Para as grandes empresas tudo se torna mais fácil, na medida em que processos como reciclagem dos colaboradores, obtenção de novas tecnologias, ampliação das instalações, financiamentos e até incentivos fiscais do governo, para esse nicho de organizações são bem mais tranqüilos.

Mas e para as pequenas empresas, aquelas que necessitam de tudo isso e ainda garantir a retenção dos talentos?

Abordaremos esses pontos nesse artigo, como uma pequena empresa e muitas vezes familiar, pode e necessita inovar a todo o momento para não morrer.

Primeiro precisamos avaliar os paradigmas das empresas familiares, em muitos casos não delegam aos seus profissionais e não trabalham com responsabilidades.

Grande parte de empresas familiares, o dono quer ver tudo, assinar tudo, contratar, demitir, sem ele a empresa fecha. Mas a agilidade e inovação nesses casos ficam extremamente comprometidas, já que tudo depende de uma única pessoa, sem ele nada anda, os profissionais não podem opinar e nem melhorar a forma de trabalho ou os processos que são arcaicos e do tempo em que não existia computador, quem dirá internet!!!!

Inovação e melhoria contínua para essas empresas são consideradas como um obstáculo, verdadeiras barreiras e não como uma poderosa ferramenta para a gestão estratégica da organização.

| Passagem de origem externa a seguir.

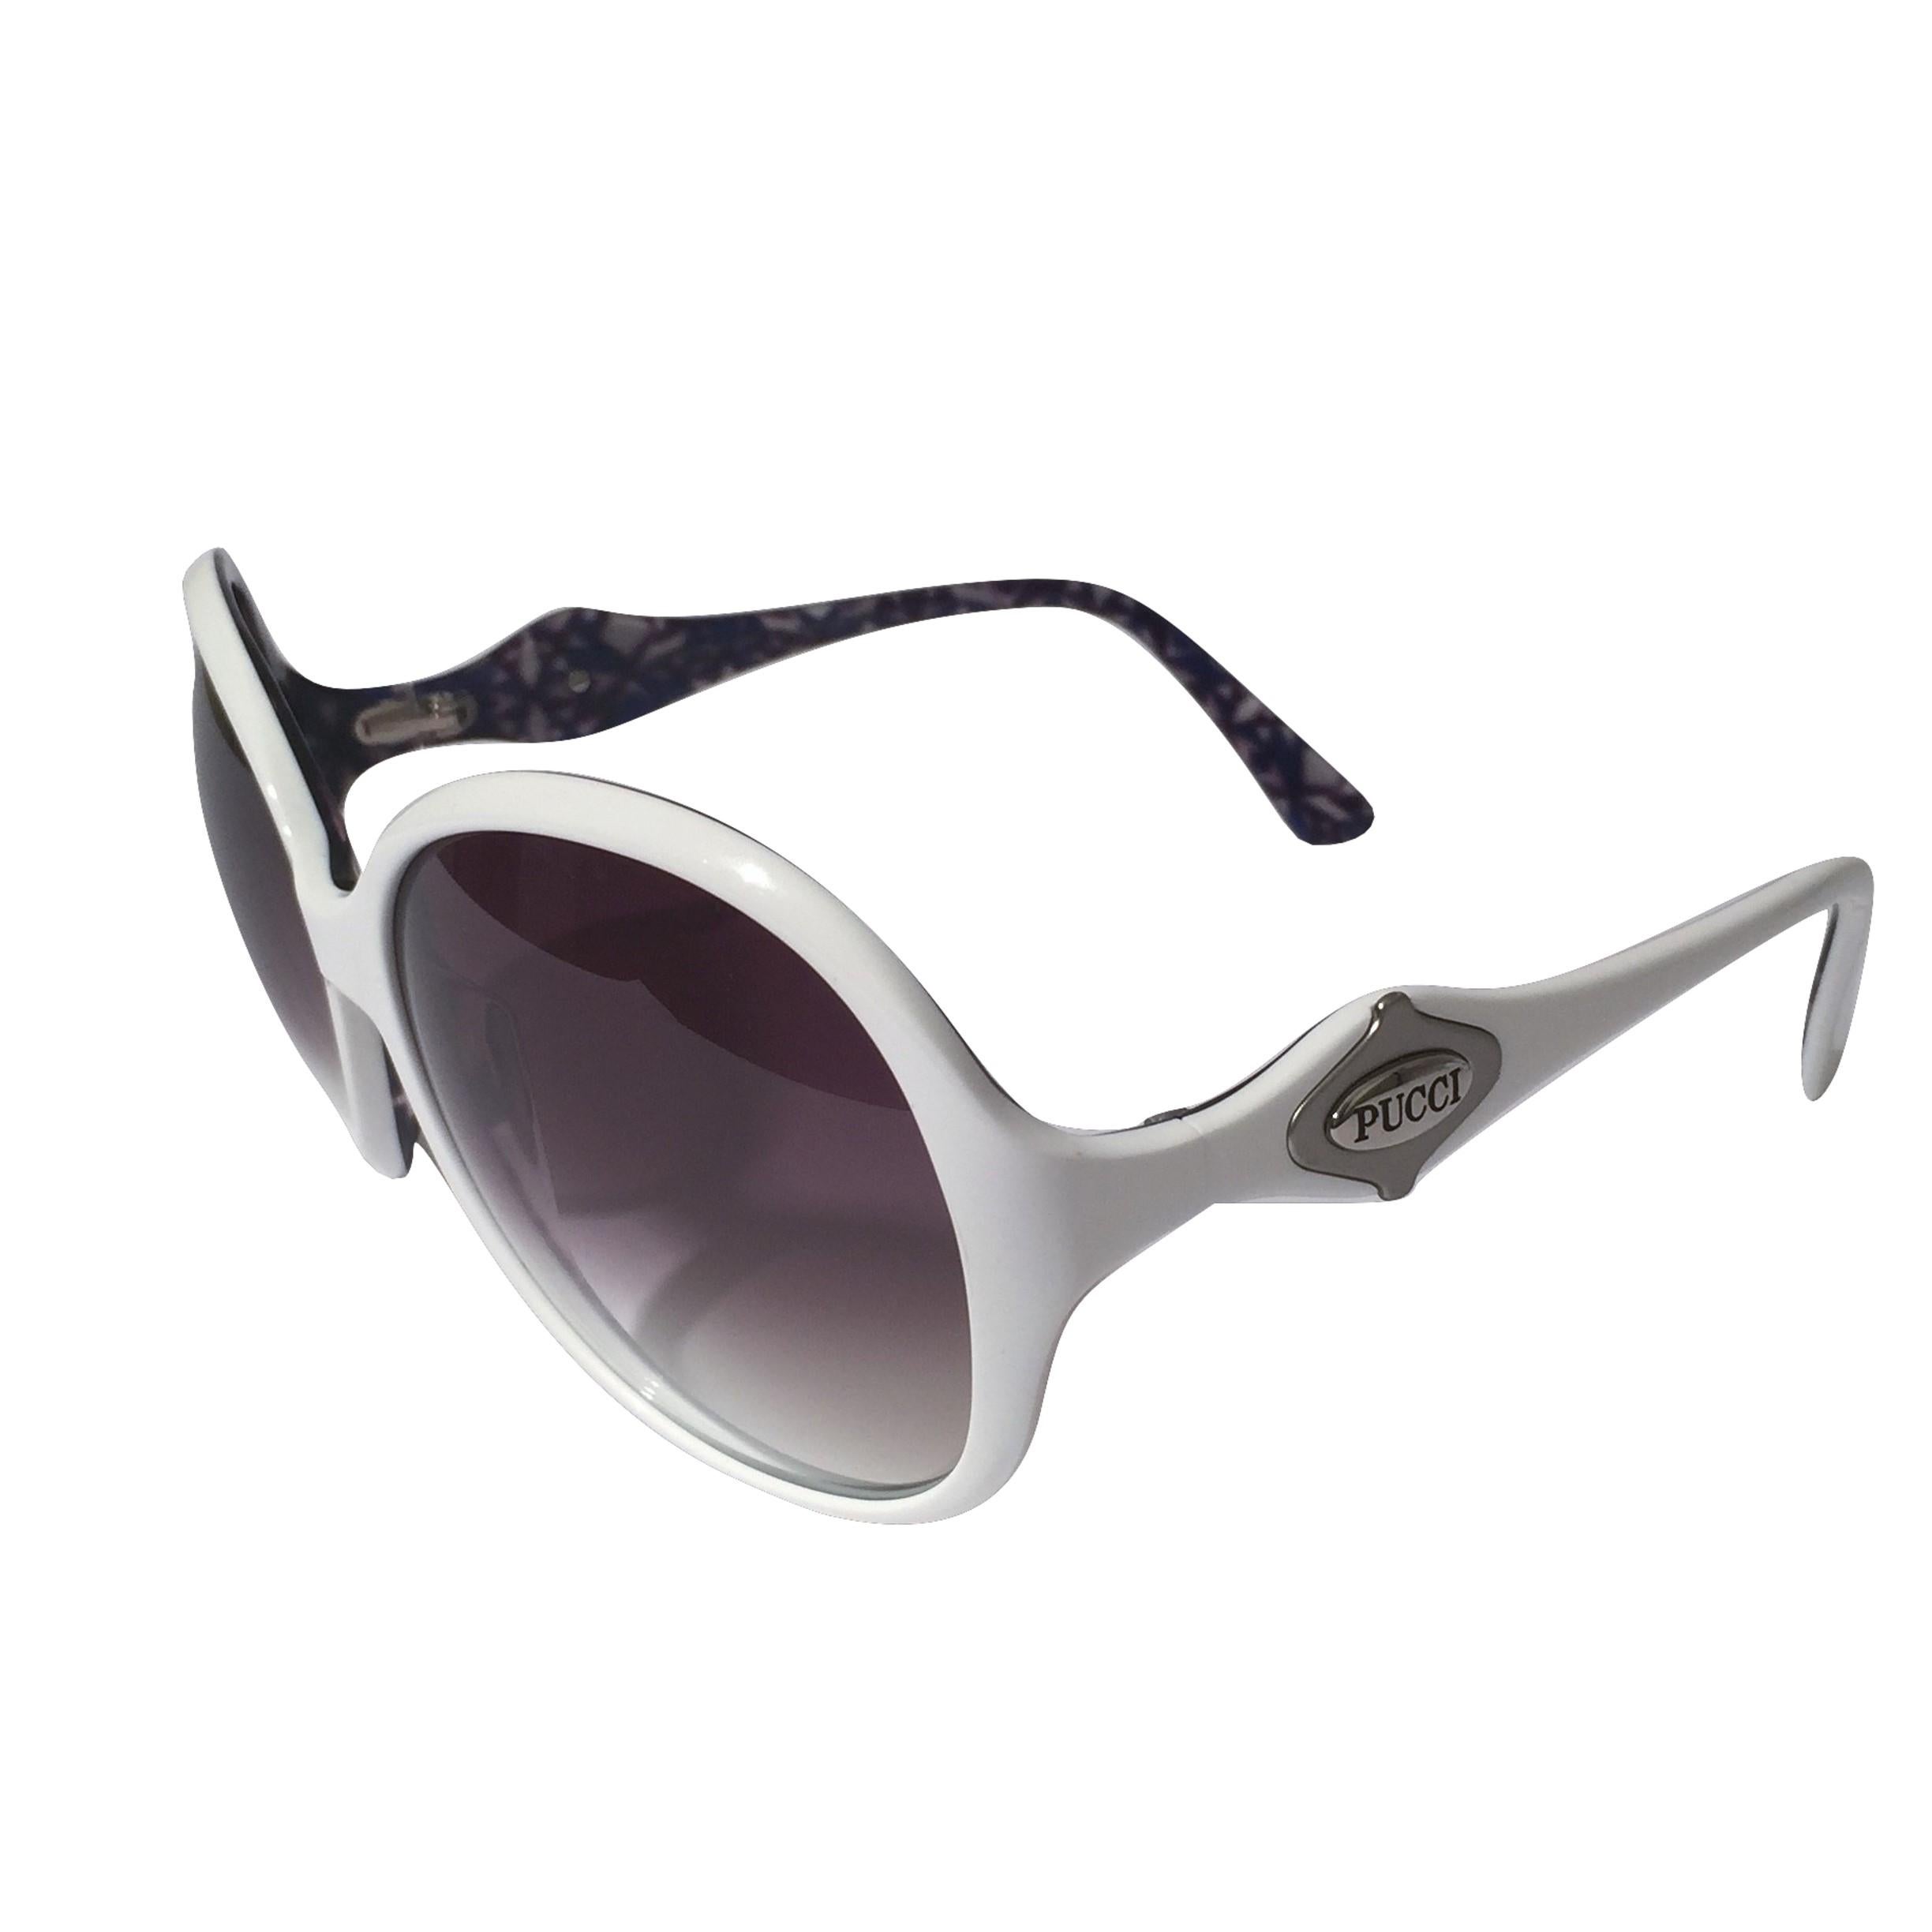 New Emilio Pucci White Logo Sunglasses  With Case & Box 3

É claro que todo dono de empresa que começou seu negócio pequeno e conseguiu se estabilizar ou crescer com os processos e métodos antigos, acabam não vislumbrando novos cenários e que profissionalizando as relações da empresa, poderá obter mais sucesso e dedicar seus esforços naquilo que ele realmente é bom, que é empreender.

É como um pai que vê o filho crescer e no momento que precisa solta-lo para o mundo (fazer viagens, sair com os amigos para as famosas baladas, etc.), acaba não tendo coragem ou habilidade para libera-lo, mas eu vos digo, não adianta segura-lo, o melhor a fazer é orienta-lo, passar os seus valores e premissas, solta-lo aos poucos para que possa ir se familiarizando com as novas responsabilidades e com o novo mundo, acompanha-lo de perto para verificar se as decisões estão sendo tomadas de acordo com o que foi planejado, emitir feedback para corrigir erros e enobrecer os acertos.
Assim poderemos agir com assertividade tanto no exemplo acima quanto nas empresas familiares, que em sua grande maioria são pequenas.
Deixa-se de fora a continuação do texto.